Imaginons que je sois une marque de luxe qui a connu un grand succès jusqu’ici. Ayant le sentiment de devoir réaliser des adaptations stratégiques si je veux continuer à être pertinente aux yeux de mes nouvelles clientèles, quelles seraient concrètement, vos 3 recommandations ?

La première, en forme de maxime : « Connais-toi toi-même ». Aujourd’hui l’objet de luxe ne suffit plus. Pour assurer le succès, il vous faut construire une stratégie de différenciation complète, laquelle vous permettra d’être reconnu comme unique et exclusif par votre clientèle, cela grâce à la sublimation des éléments les plus distinctifs de votre identité de marque.

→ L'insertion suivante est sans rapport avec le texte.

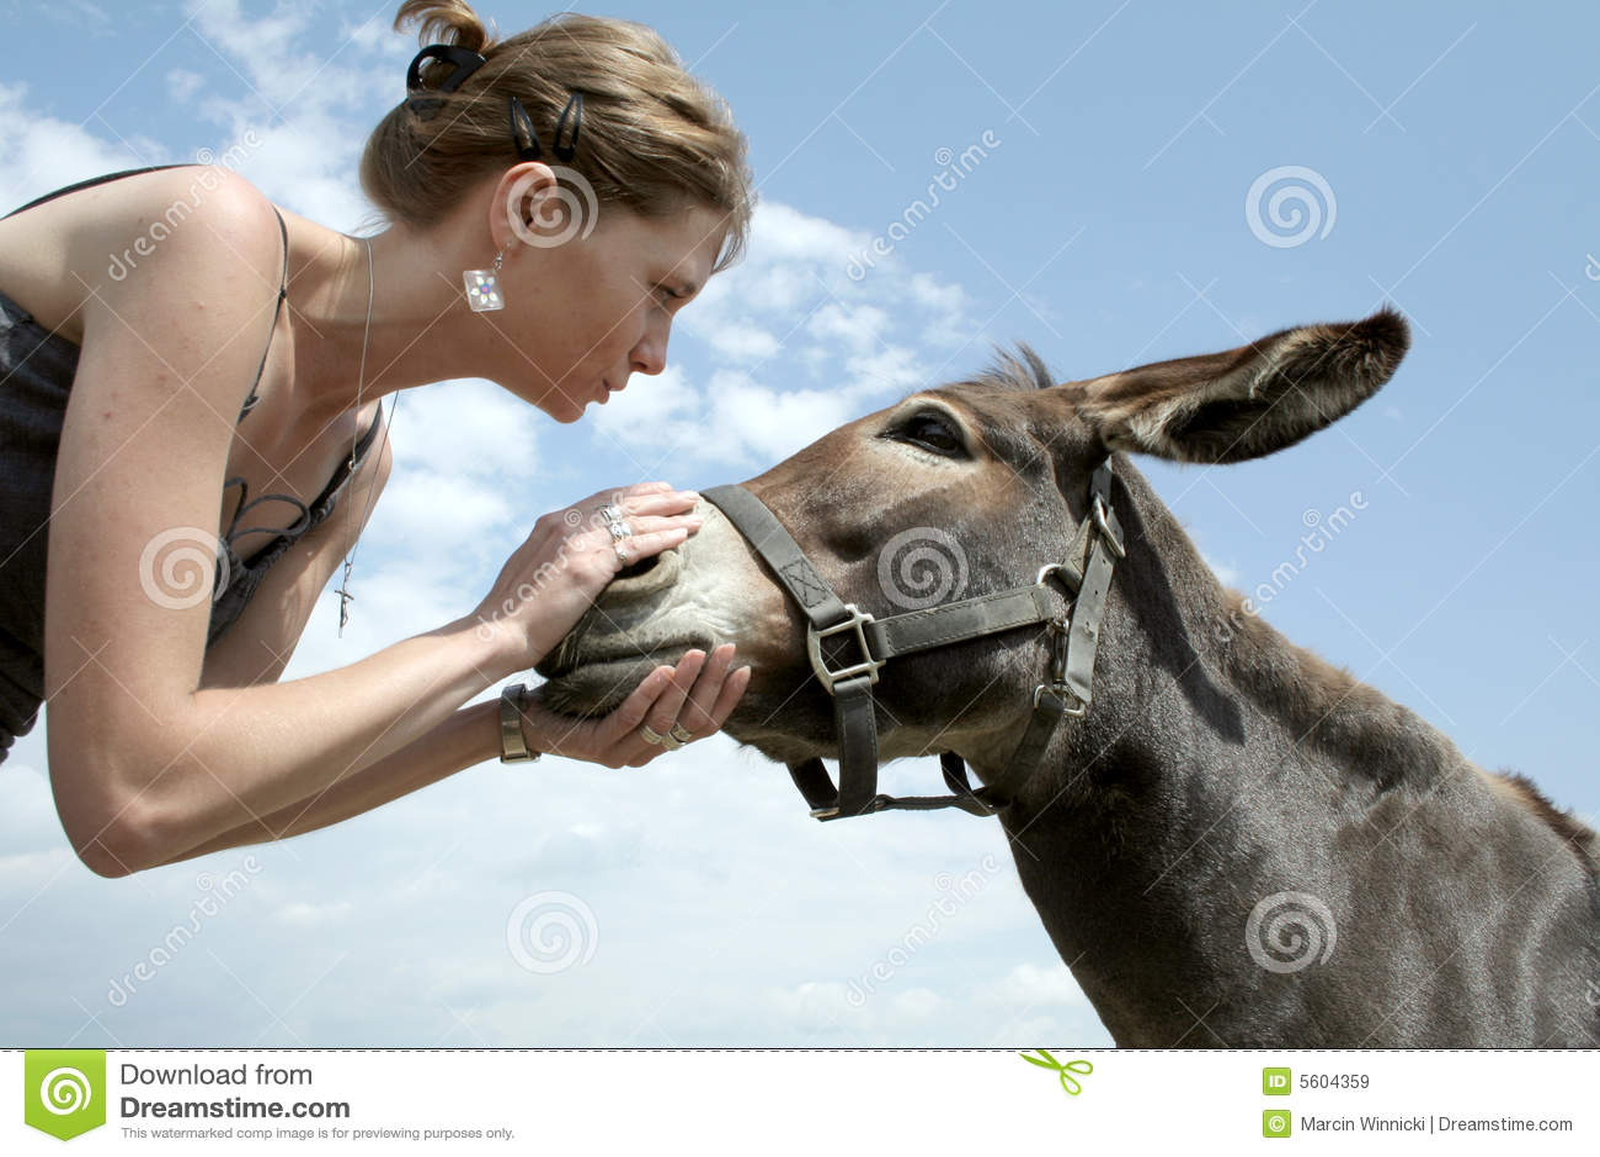 Woman Talking To Donkey Royalty Free Stock Images - Image: 5604359

La seconde serait d’accorder l’attention nécessaire au caractère multipolaire du marché international. Votre marque devrait être aussi locale que possible pour s’intéresser de manière authentique d’abord à des personnes (en espérant qu’elles deviennent ensuite des clients !). Dans chaque pays cela passe par une réelle sensibilité à la langue, la culture, l’environnement social, sociétal, religieux, etc.  Il vous faudra adapter votre communication, vos messages, etc. pour tenir compte des contextes locaux de ces différents pays. L’idéal ? Que votre marque soit à la fois italienne quand elle parle depuis Milan, japonaise quand elle s’exprime à Tokyo et nord-américaine quand elle prend une initiative à San Francisco.

La dernière recommandation serait de trouver LE point naturel d’équilibre entre vos activités digitales et celles conduites dans le monde réel. Privilégiez la cohérence de l’ensemble. Reconsidérez toute organisation en silos. Supprimez les clivages qui freinent la libre circulation de votre clientèle entre les deux expériences de la marque vécues l’une sur Internet et l’autre dans le monde réel de votre réseau de boutiques, au contact de vos ambassadeurs. Investissez dans la création de synergies entre ces deux expériences. Que chacune contribue à une expérience globale de votre marque qui soit vraiment exceptionnelle. Placez la Data au service de la création de valeur pour vos clients, et Internet au service du luxe (et non le contraire !). Ne tombez pas dans les pièges d’une digitalisation excessive de vos points de vente. Gardez l’émotion et l’humain en fil rouge, sachez jouer, prendre des risques et, vous verrez, je suis sûr que l’avenir vous sera favorable ! Pour conclure je citerais volontiers Jean Cocteau via un conseil extrait de son recueil « Le Potomak » : « Ce que le public te reproche, cultive-le, c’est toi ». Une belle invitation à la différenciation…

 

Alexandre de Sainte Marie, dirigeant de NEAPOLIS, agence de conseils en stratégie et identité de marque.
Auteur de « Luxe et marque – Identité, stratégie, perspectives », Dunod, 2015.